Эмоции, повинуясь движениям огромного Никто, покидали Косого, оставляя его тело изувеченным, а голову – пустой. Бедный Косой задышал ровно, редко, словно уснул после долгой дороги, слишком уставший даже для того, чтобы видеть сны. Он стих и перестал шевелиться, как только последняя капля упала на траву. Тут Никто посмотрел на разодранную руку. Медленно, словно это стоило немалых усилий, он провел большим пальцем звериной лапы по тонкой руке человека. Кожа, мышцы, сухожилия зарастали, соединяясь под его прикосновением, и когда рука стала такой же, какой и была, Косой тихо вздрогнул – он открыл глаза и посмотрел на огромное чудовище. Он смотрел на него без страха, внимательно рассматривая огромные глаза и серую кожу в красных узорах. Он помедлил еще немного, а затем сказал:

– Спасибо.

Никто кивнул, и зубастая улыбка расцвела на его лице, разрезая лицо на две половины. Он опустил Косого на землю. Тот, еще не до конца понимая, что произошло, завертел головой.

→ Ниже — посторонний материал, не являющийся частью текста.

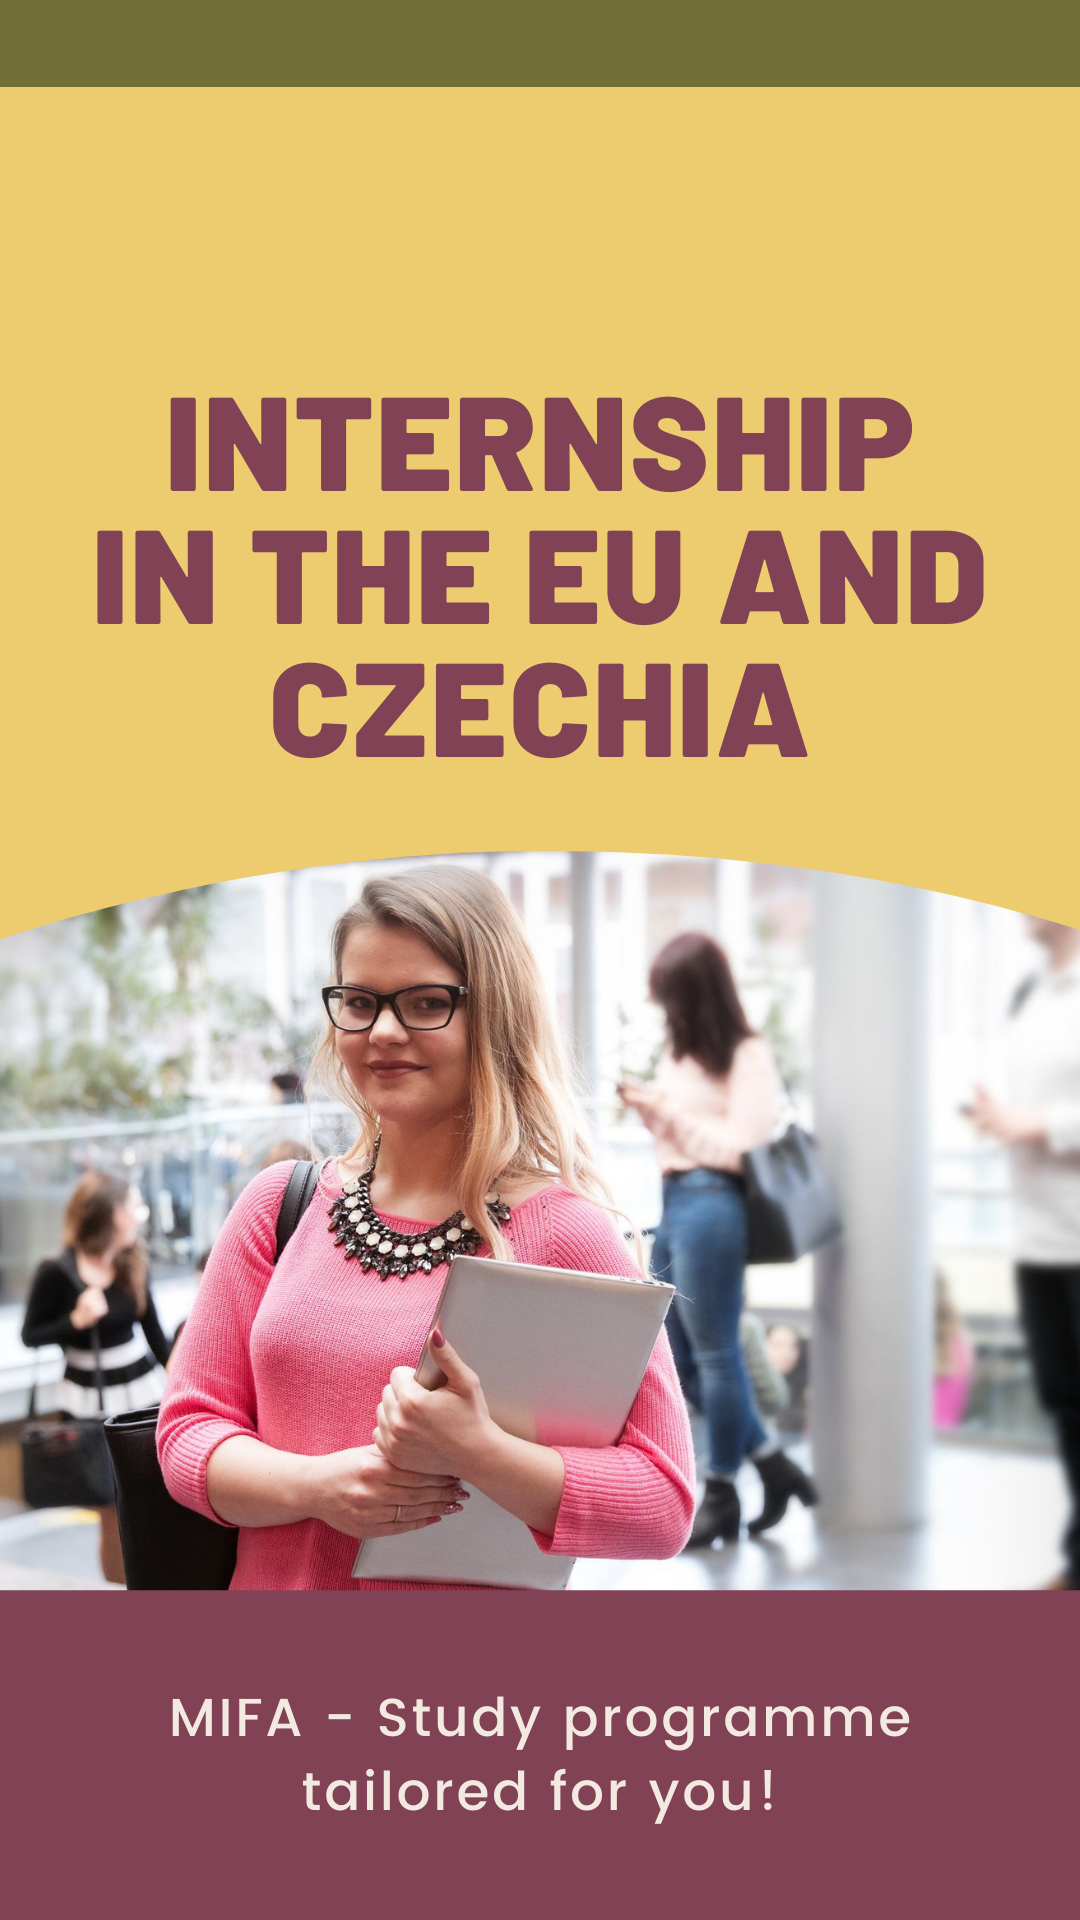 Hot News – Internship in Czechia!

Тут над головой что-то треснуло и заскрежетало так, словно кто-то ломал битое стекло. Все разом подняли головы наверх – небо трескалось, вздыбливаясь гранями, превращаясь в выпуклые витражи, ломая голубое небо, коверкая реальность и пространство. Этот нулевой день не прятался, не скрывался, он твердо шагал по миру, возвещая о том, что конец света настал. Он ломал мир, обрушивая его обломки на головы живущих в нем людей. Земля тряслась, содрогаясь от его шагов, и по миру пронесся отчаянный вопль миллиардов голосов.

– Опоздали… – пробормотал Влад.

– Как раз вовремя, – прорычал Никто на выдохе, и последнее слово завибрировало звериным клокотанием. Он захохотал, раскрывая пасть, сверкая зубами, не скрывая своего восторга. Он был в предвкушении того, за чем охотился миллиарды лет – феерия хаоса, сыплющая неистовством, отчаяньем, болью, истинной звериной ненавистью, сеющая вокруг страх и пробуждающая первобытное желание жить. Это жизнь, которая засверкала всеми своими гранями во всем ее многообразии, как то, что люди называли страхом, освещало ее призму, заставляя ее искрить и нести свет во все концы мира.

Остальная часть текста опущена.